The cups of the headset surrounded my ears flawlessly. There was no pinching or pressure and the headband wasn’t too tight. This was a huge improvement compared to the Plantronics Gamescom which is horribly uncomfortable when worn for anything more than a period of a couple hours. It didn’t quite match the comfort-level of the Astro A40’s, but it was very close, and I still found the MMX300 the preferable option when considering everything else it has going for it. The MMX300 is very good at staying in place once configured. The adjustable siding clicks into place with ease and doesn’t move at all, something that my Astro A40’s did quite frequently. The microphone is on a swivel that can be rotated up or down and the extension itself is also quite pliant making it easily adjustable in a variety of configurations.

The MMX300 has what is easily one of the best microphones on the market for a gaming headset. Assuming my internet connection was stable enough (thanks for nothing, Comcast) I was heard flawlessly during Skype calls, and still experienced decent quality when using Ventrilo or Mumble. In-game mic use varied a bit, but that’s mainly due to how good the VOIP was in the games I was playing. At one point while playing Evolve I actually got a comment from a user asking what kind of mic I was using. He was convinced I was using a standing desktop mic like an AT2020 (Audio-Technica). Once I told him the brand he immediately complimented it. I’ve never once had that happen to me in my entire (twenty-something) history of gaming. That’s a true story, and a testament to how well built this headset is.

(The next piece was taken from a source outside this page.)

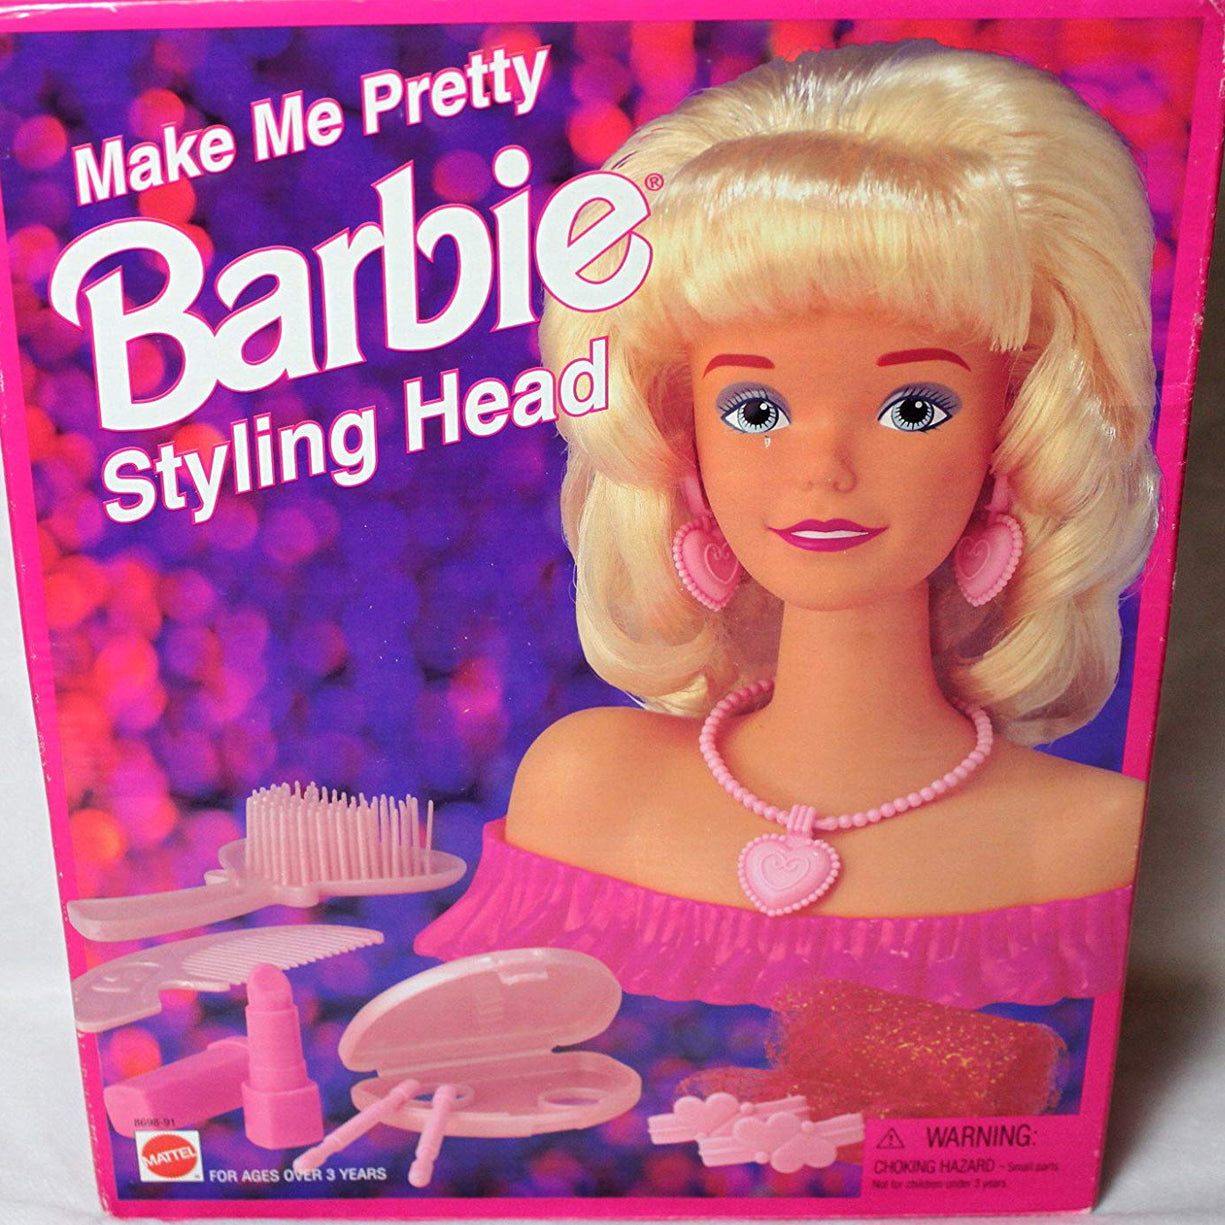 Barbie-Pink Trend: Nails, Hair, and Makeup | POPSUGAR Beauty
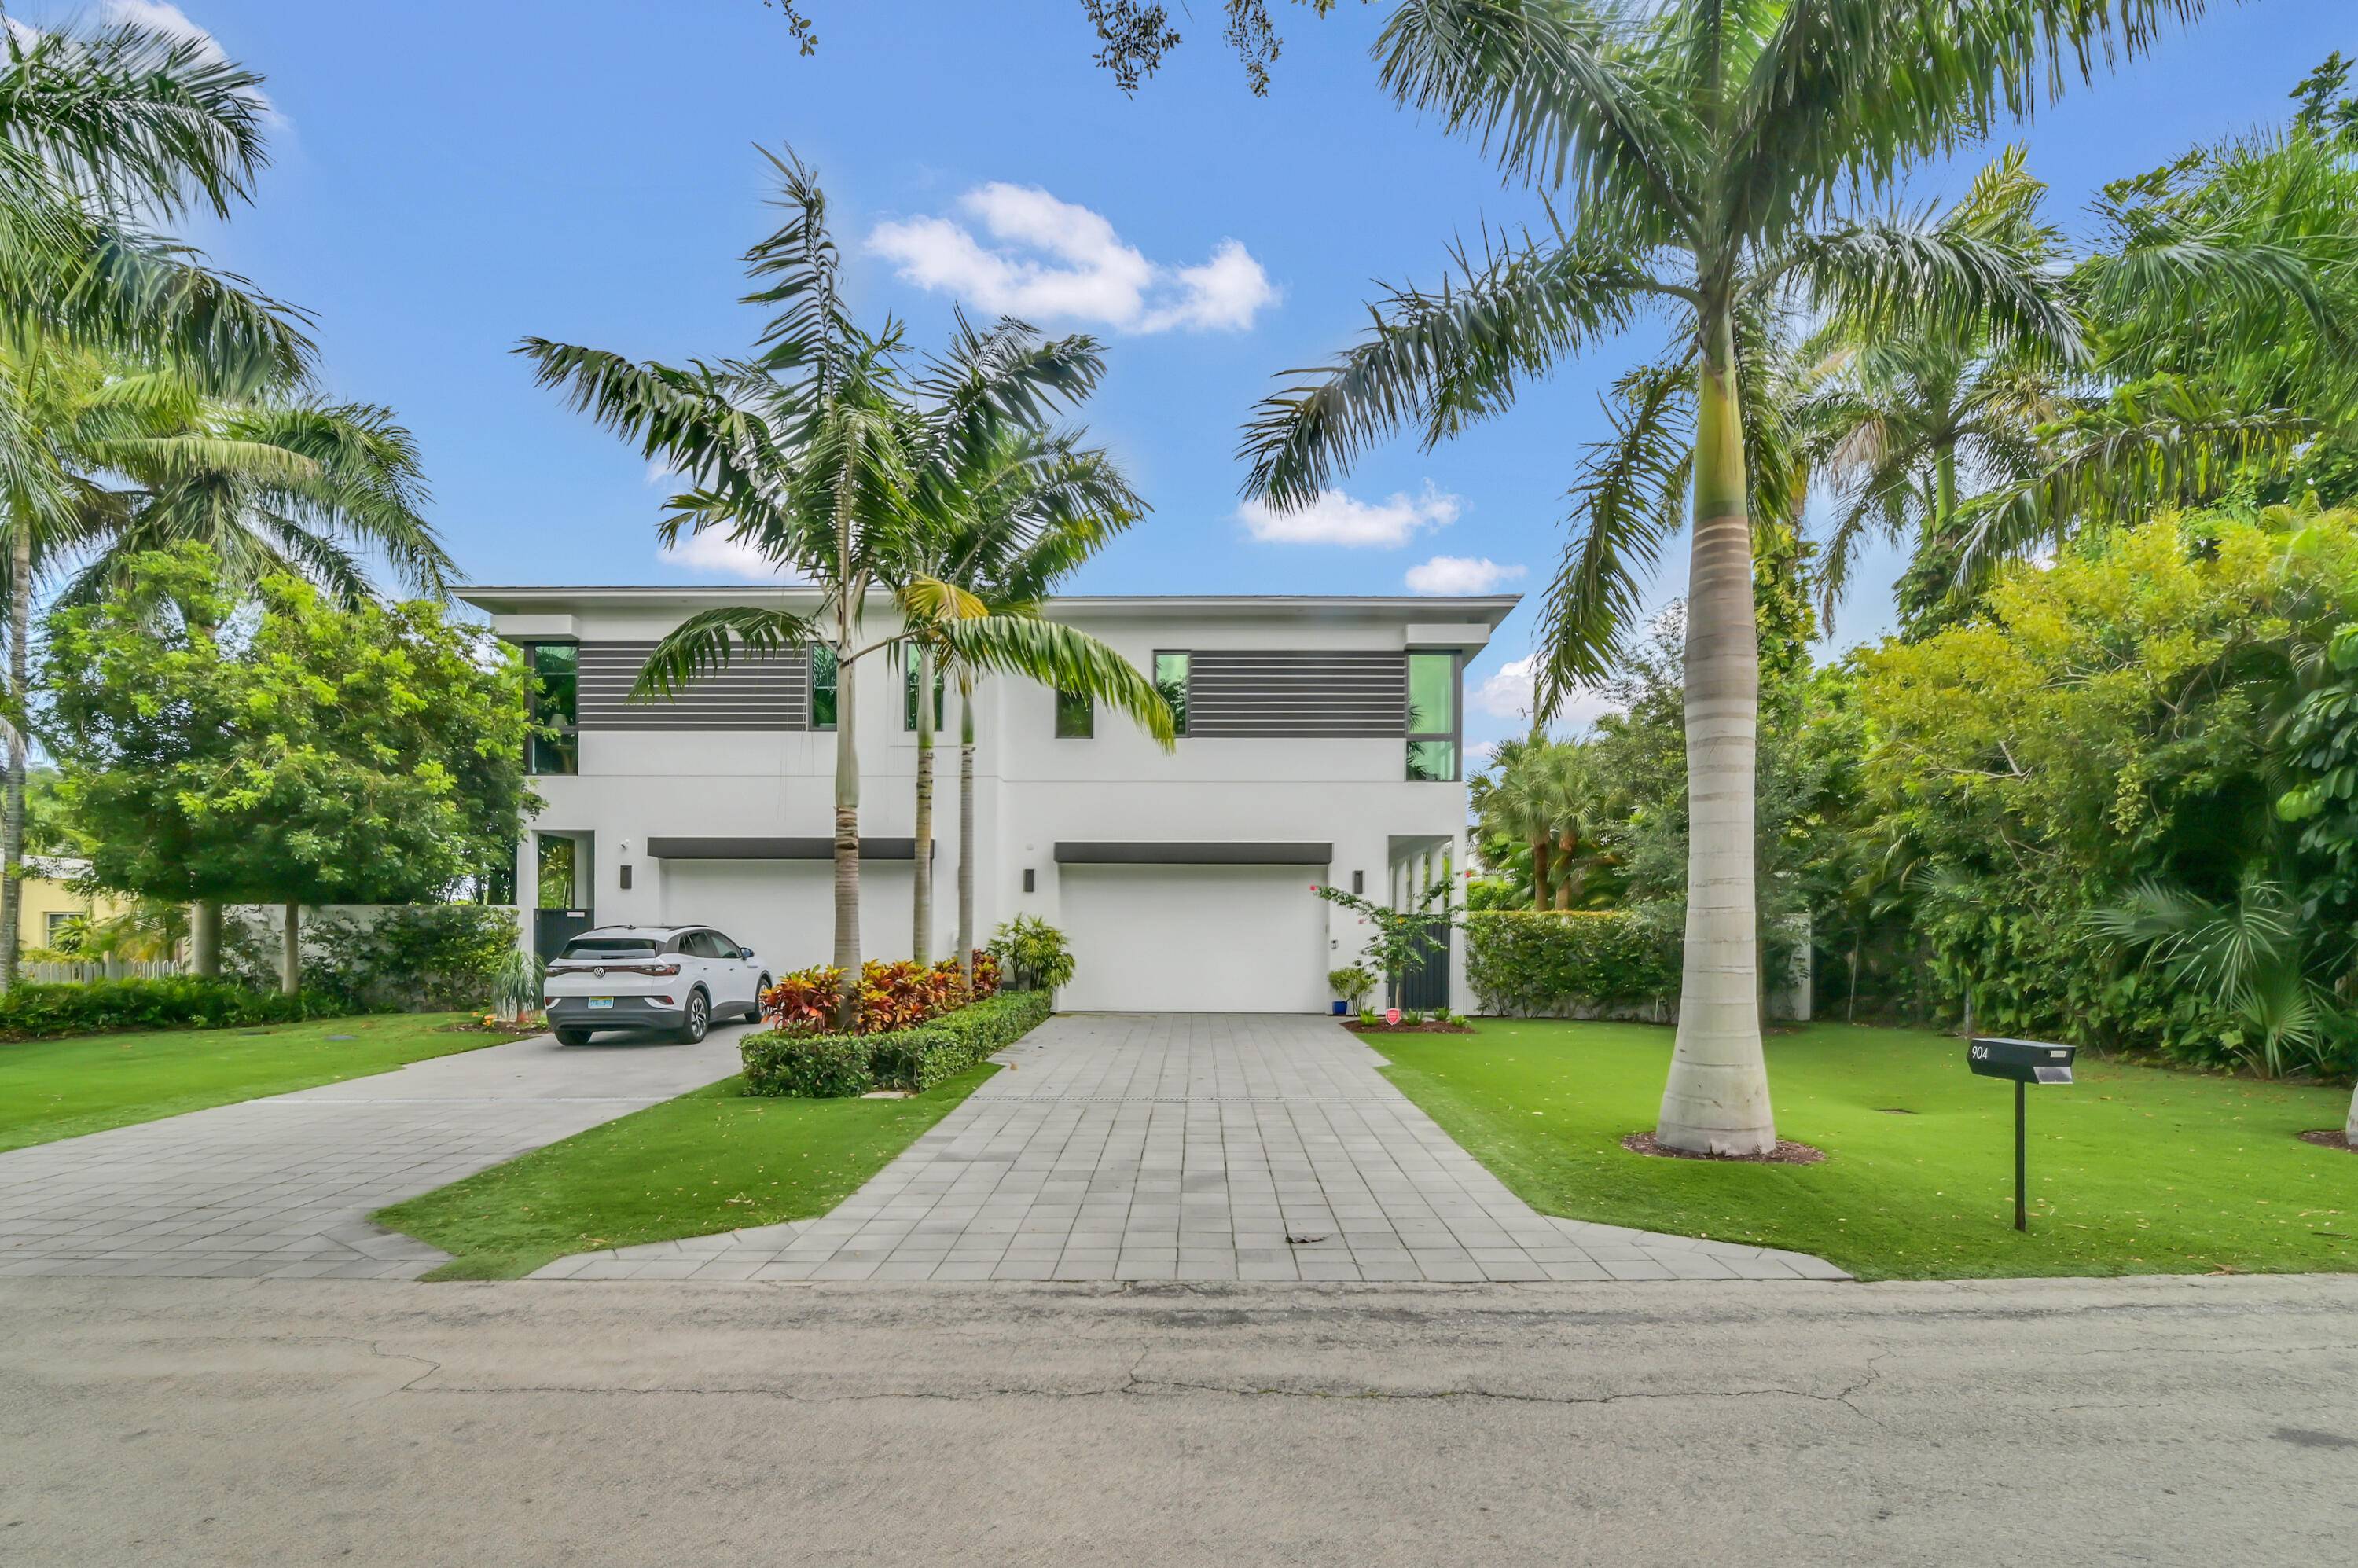 This East Delray Beach home is situated less than a mile from the closest beach access point and approximately 1.

Obviously this blows my two comparison headsets out of the water, especially the Astro A40’s which are known to have notoriously poor mic designs. The MMX300’s mic had better isolation, positioning, and sound than both the Gamescom and the Astro A40 as well. It was really no contest in this regard. This is easily the best gaming headset I’ve ever used. Its price point will definitely be out of the range of a lot of users, but those that are capable of purchasing the MMX300 will know that it’s not money squandered. You’ll be comfortable in knowing that dollar for dollar this is without a doubt one of the best, if not the best, wired gaming headset money can buy. Great job, Beyerdynamic, you’ve truly managed to impress me.